Annoyance Level: High.
What I should have done is called the lumber yard in advance and asked them if they had what I was looking for. That way I could do the math while not under pressure and I could double check my numbers. We were able to make due with the boards we had by better utilizing scrap, so I didn’t have to go back to the lumber yard. But it required an extra seam in the garden wall which I didn’t like. The pine error will be extra extra annoying when I have to replace all the pine boards in a couple years because of rot.

FRAMEWORK
I got pressure treated 4×4’s for the corner posts. Pressure treated stuff shouldn’t really be used for vegetable gardens because they are loaded with all sorts of nasty chemicals. We got around this by wrapping each leg in plastic. The Jury is out on whether this was a good move or not. I’m hoping I never have to replace the fence posts.

The holes: I wanted to go down 24 inches with a hole post digger and quickly gave up and settled for 17inches. Why 17? Because that’s about where I started hitting an absurd number of huge rocks. 17 inches was good. 12 inches probably would have been okay.

4Setting up the Frame

Annoyance Level: Medium. The digging was definitely not as bad as I’d expected. But probably only because I relaxed my installation specifications. I definitely didn’t do the concrete. I just dropped the 4×4’s in the hole. I’m totally okay with this.

The measuring is SO important here. When you dig your holes, don’t measure to the edge of your construction – measure center to center. After I dug my holes and stuck the boards in I realized I had to lined them too narrowly by about an inch each. I did this with a trowel and it was stupid.
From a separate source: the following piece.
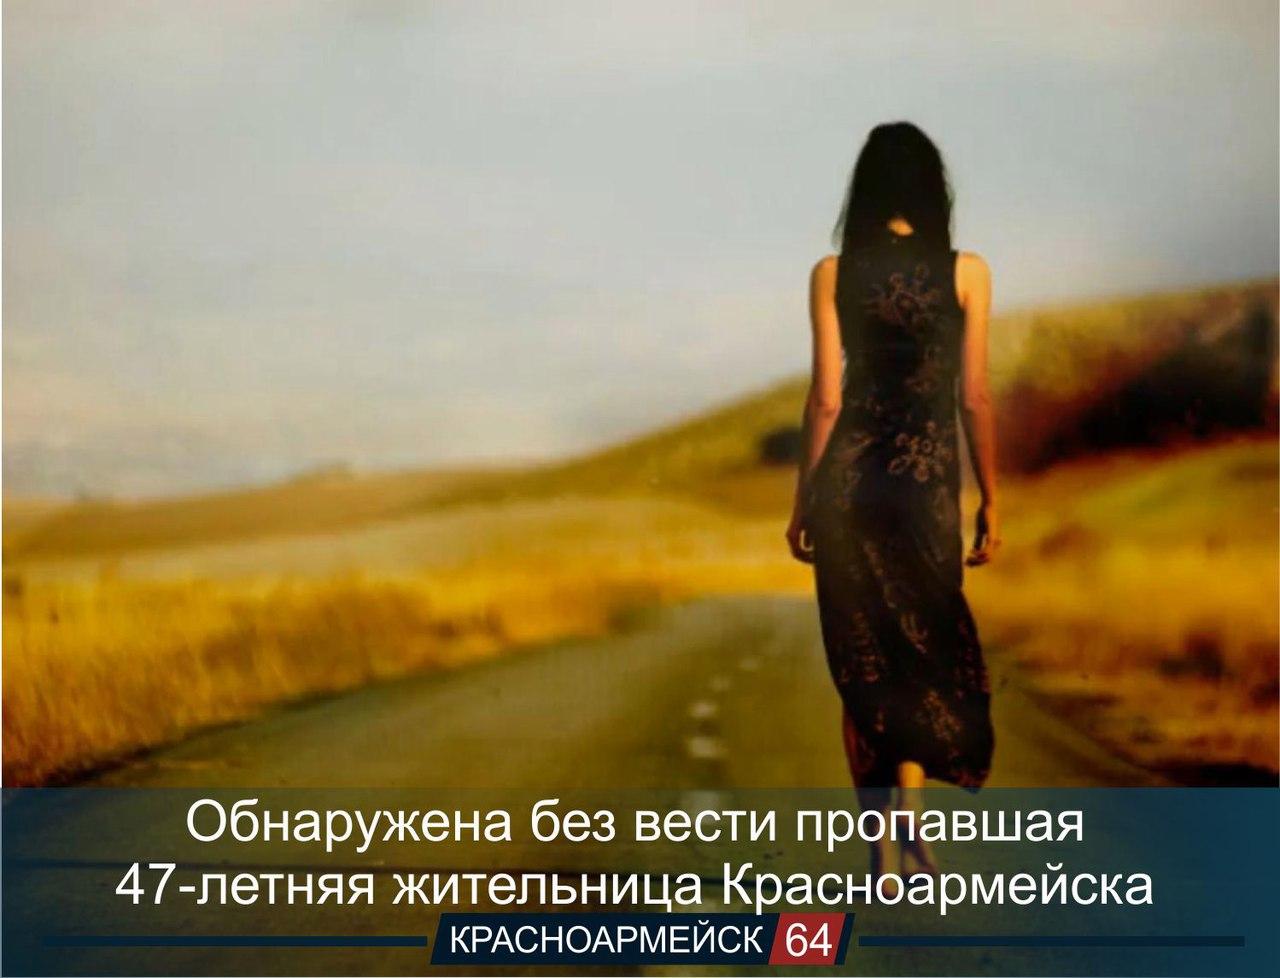 Пропавшую жительницу Красноармейска нашли идущей по дороге

Also, remember how I didn’t level the yard? It turns out the north-side is about a half inch off from the south side. I measured the heights of my corner posts off the ground – I should have used a transit or a line level. I was lucky that the tilt didn’t create a visual problem, but it definitely resulted in some weird-sauce board alignment issues.

CONSTRUCTION

5.StartConst

Annoyance Level: High

THIS IS IMPORTANT: When you have a framework that’s locked down, don’t be an idiot by cutting all the connecting pieces in advance. I trusted my measurements as law. But when I secured the corner posts in the ground I found that the dimensions drifted… Just slightly enough to be really annoying.

I used nails to put everything together. I would recommend nails for connection up to a solid fence post, but for every other connection I should have used short screws. The problem was that since my boards weren’t perfectly sized – nailing some pieces together would pop other joints. It was frustrating.
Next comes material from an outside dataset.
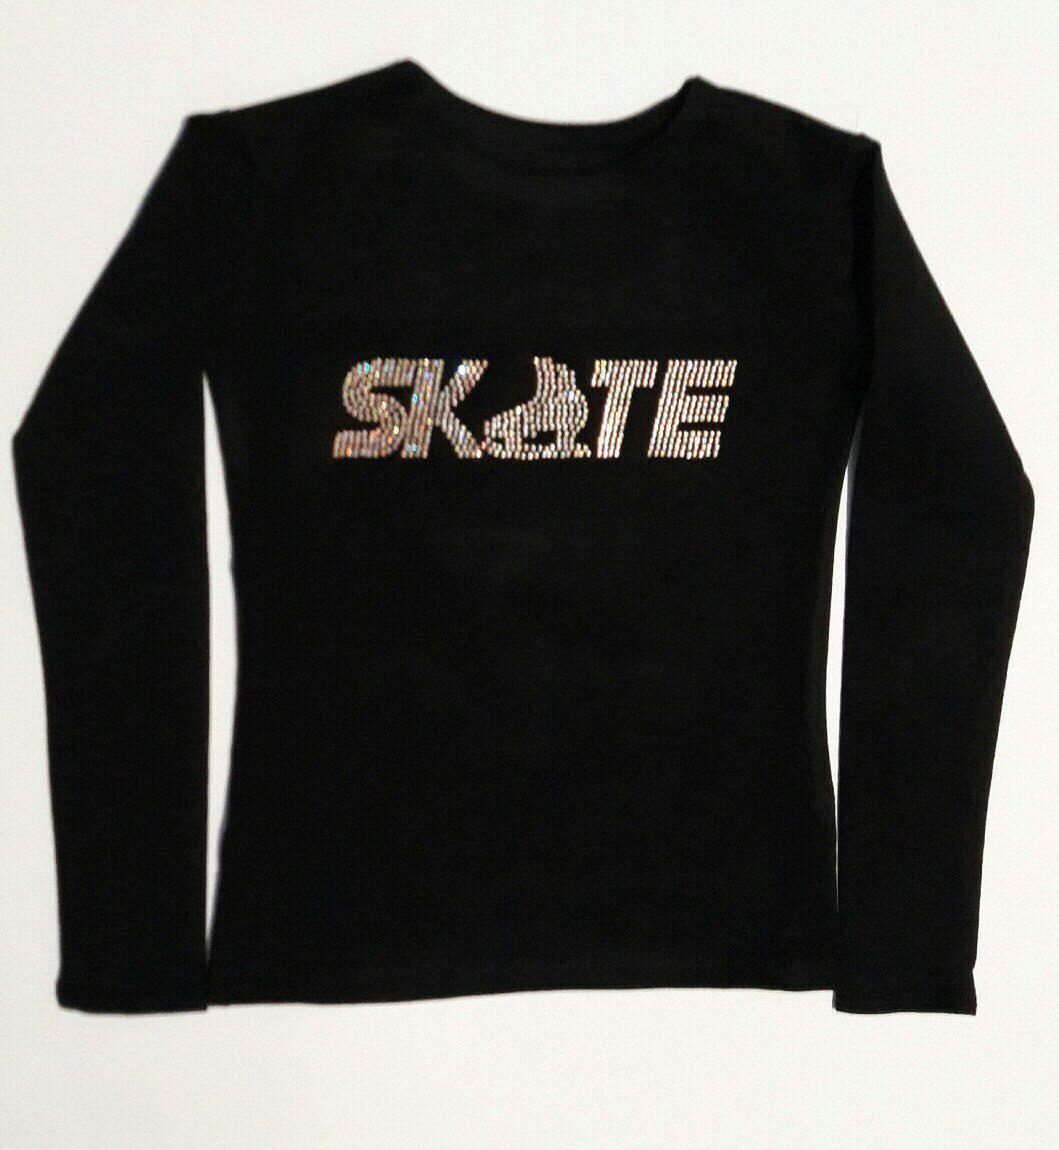 Одежда для тренировок (футболки с коротким и длинным рукавом) с символикой фигурного катания

Because we wanted the chicken wire behind the boards, we had to put the mesh in place as we built the structure. We used a staple gun and it was definitely the right choice. Super easy.

We also ran a separate piece of chicken wire into the ground 6 inches to prevent burrowing animals. This wasn’t as annoying as expected.

5Construction

THE GATE
So easy! For this we measured the door opening and laid out some strapping on the floor of our basement using little 1″ spacers to make everything aligned really nicely. I used a pencil attached to a string that was secured with some duct tape a few feet away to draw a nice radius along the top. I used a bandsaw to cut each board and then we nailed everything together.

7door

We used a cheap spring loaded gate latch that I bought at Lowes. I worked ok. I had to adjust it in order to make the joints work.
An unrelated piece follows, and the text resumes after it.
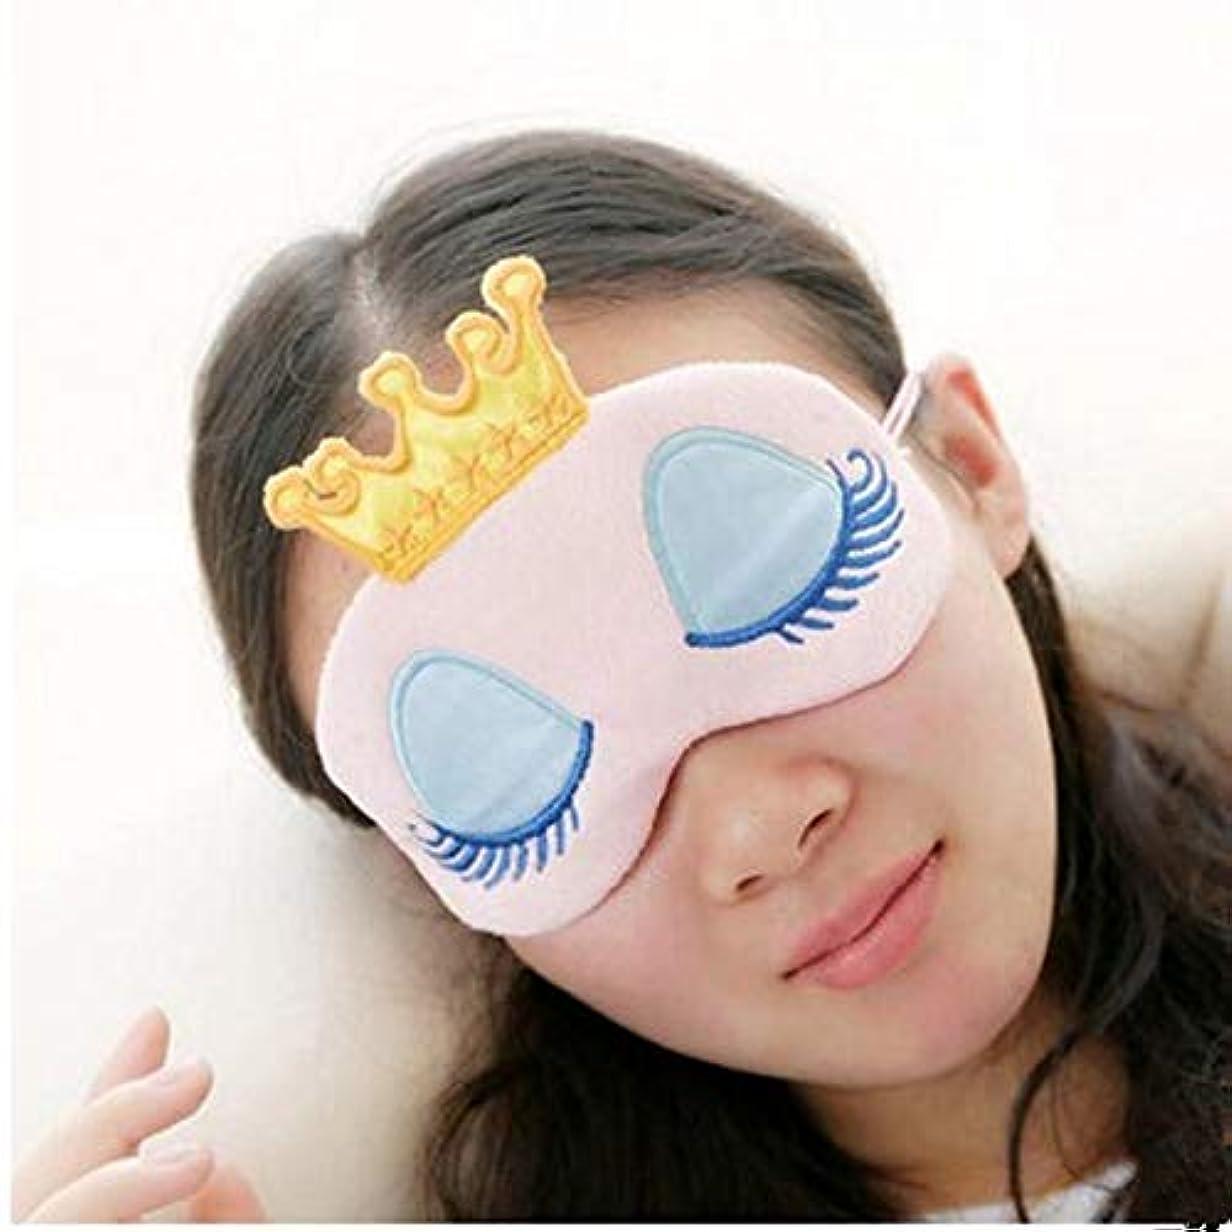 月曜ラップ提供NOTE 2ピース/ロットアイフェイスマスク睡眠マスク目隠しアイシェード旅行睡眠アイエイドカバーゴーグルナップアイシェードラブリートラベルアイパッチ

Annoyance level: Low. The only thing I would have changed is the use of screws instead of nails and I would have had the door sit tighter in the frame. I left about an inch on each side. A half an inch on each side would have been fine and would have made the connection latch work a bit better. I bought the latch AFTER we built the gate. This is the wrong order.

Once the construction was complete, we layered the bottom of the garden with newspaper and cardboard (apparently this is useful; I don’t know why). Then we put down a layer of compost. Finally, we mixed leaf mulch with top soil to fill the first of the box. We planted some veggies and eventually, decided to put some gravel down on the inside path. We used some landscape fabric to prevent weeds.

Gravel

BOOM. Done.

1ConstCompl

Total price? About $350.
These better be the most delicious vegetables ever.